#### DATA SECTION
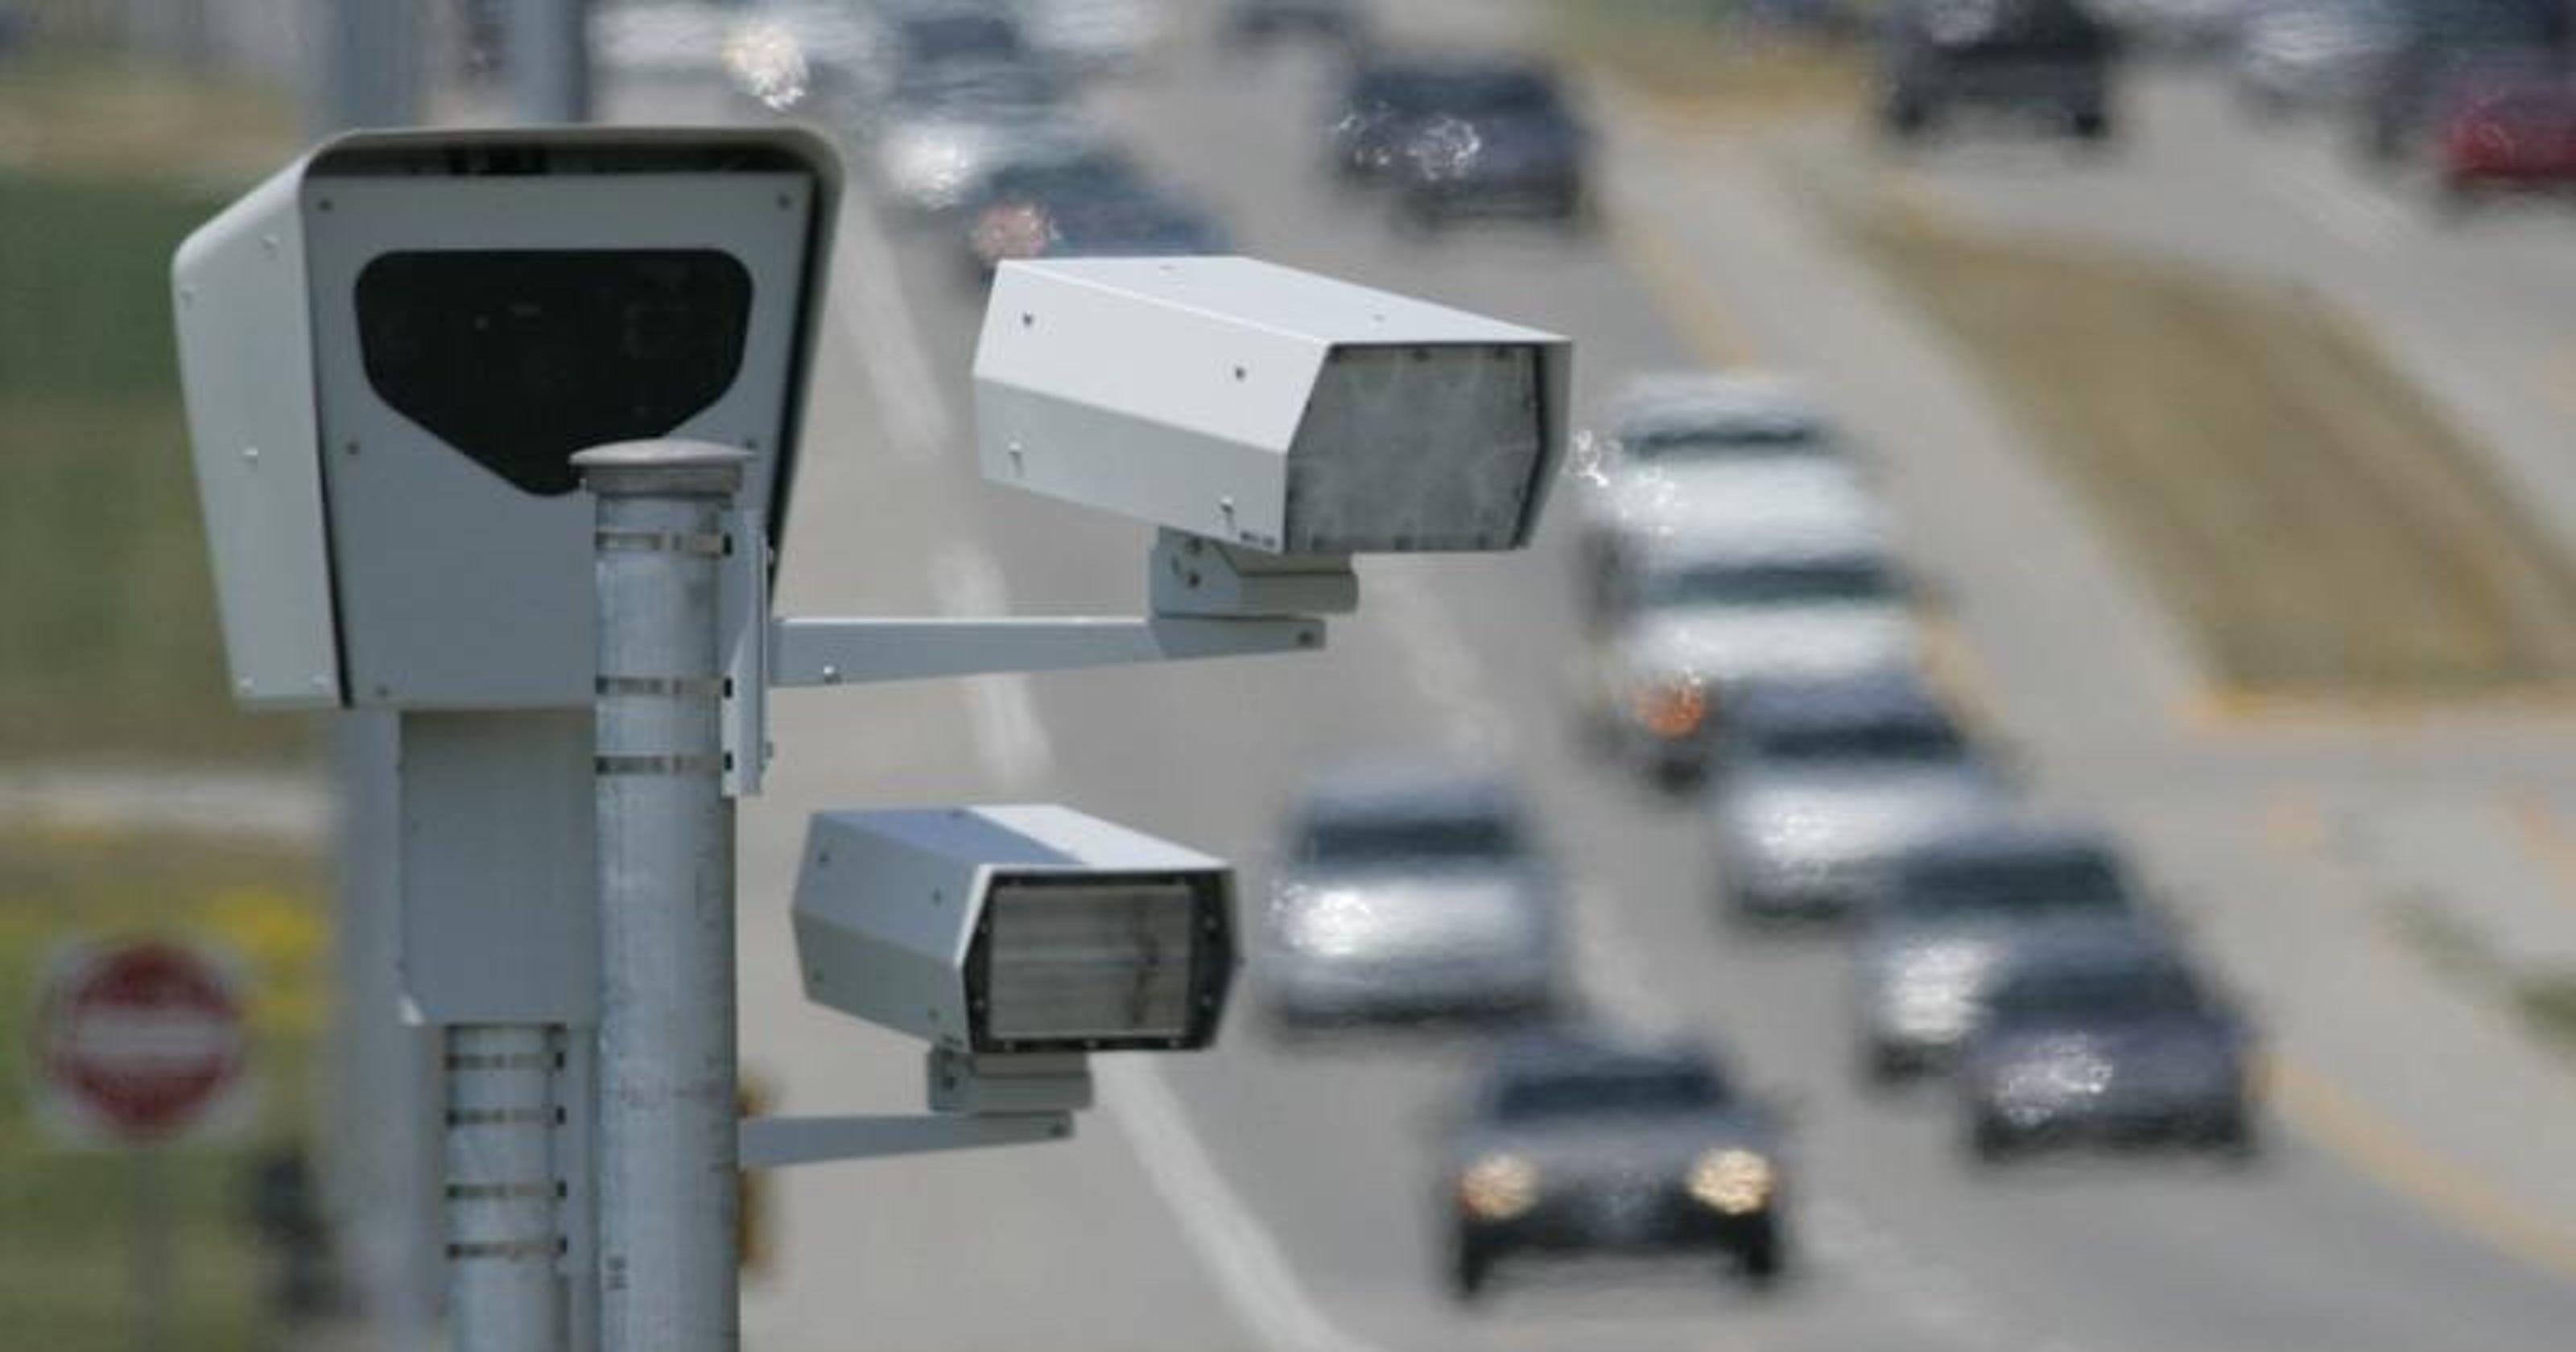 Editorial: Traffic camera scandal raises abuse concerns
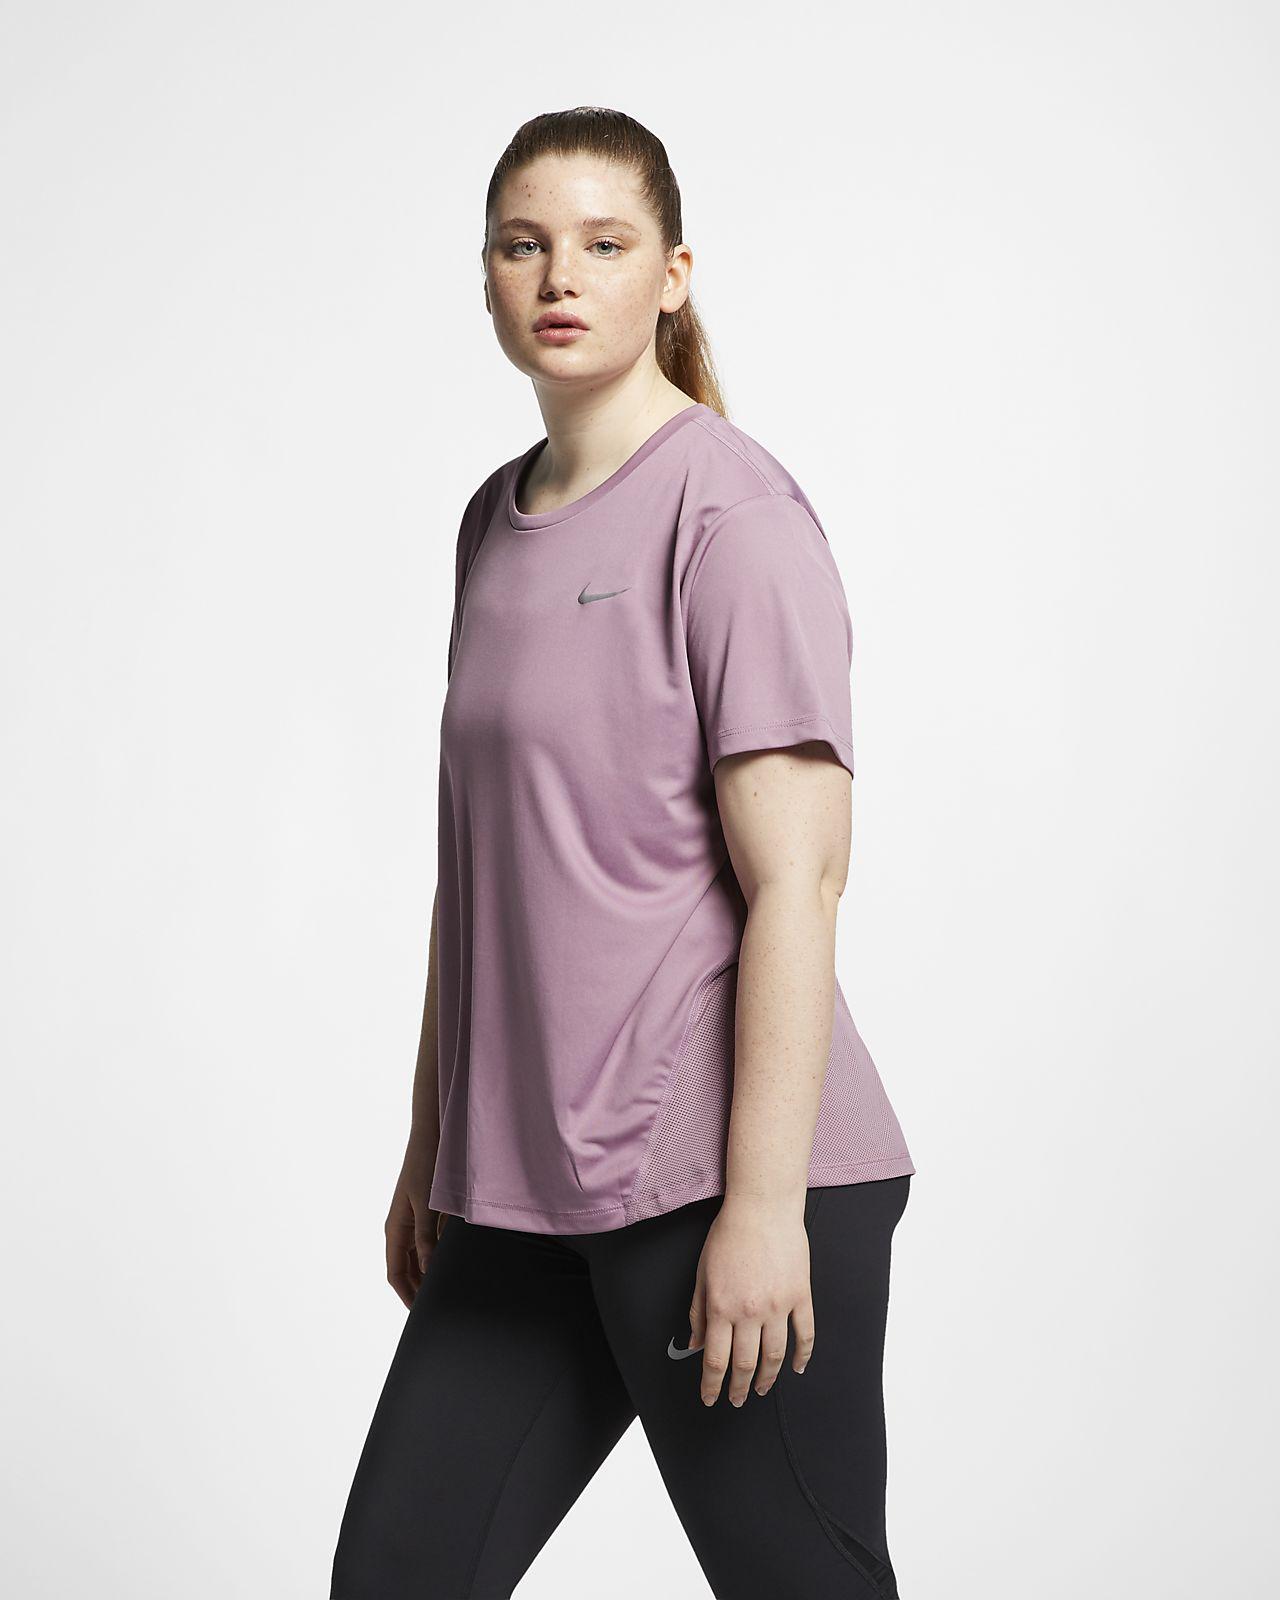 609776b1a89 Nike Miler Women s Short-Sleeve Running Top (Plus Size). Nike.com CA
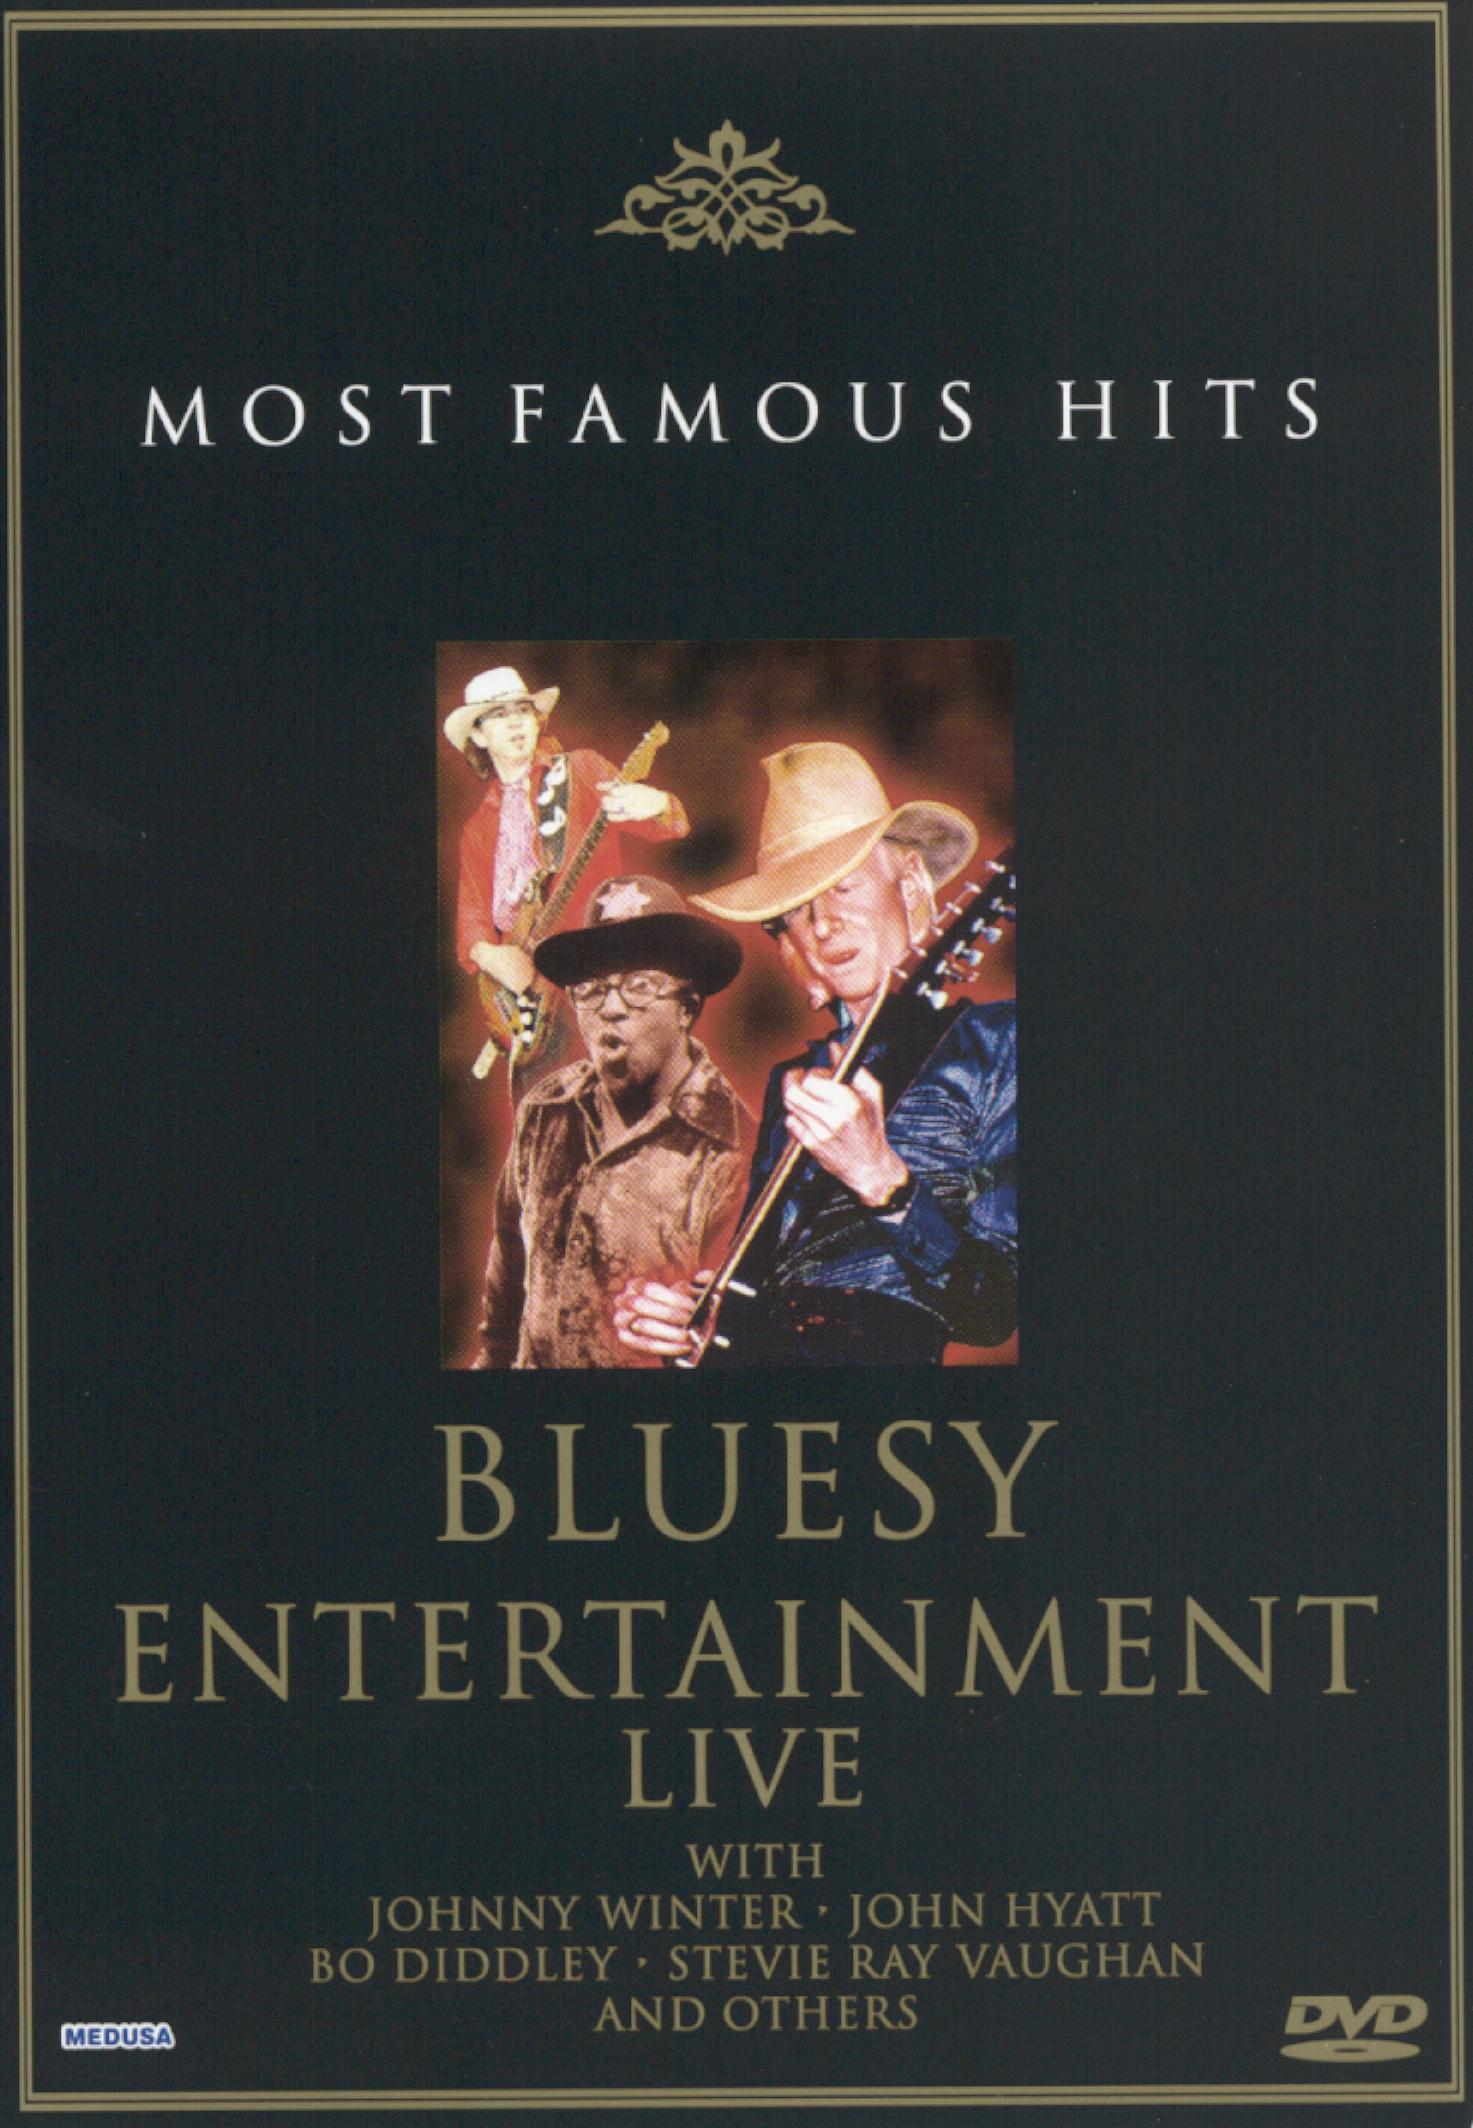 Most Famous Hits: Bluesy Entertainment - Live

#### EXERCISE GOAL
Please give back every line above exactly as it stands, without pictures.

#### ANSWER SPACE
 Editorial: Traffic camera scandal raises abuse concerns
 609776b1a89 Nike Miler Women s Short-Sleeve Running Top (Plus Size). Nike.com CA
 Most Famous Hits: Bluesy Entertainment - Live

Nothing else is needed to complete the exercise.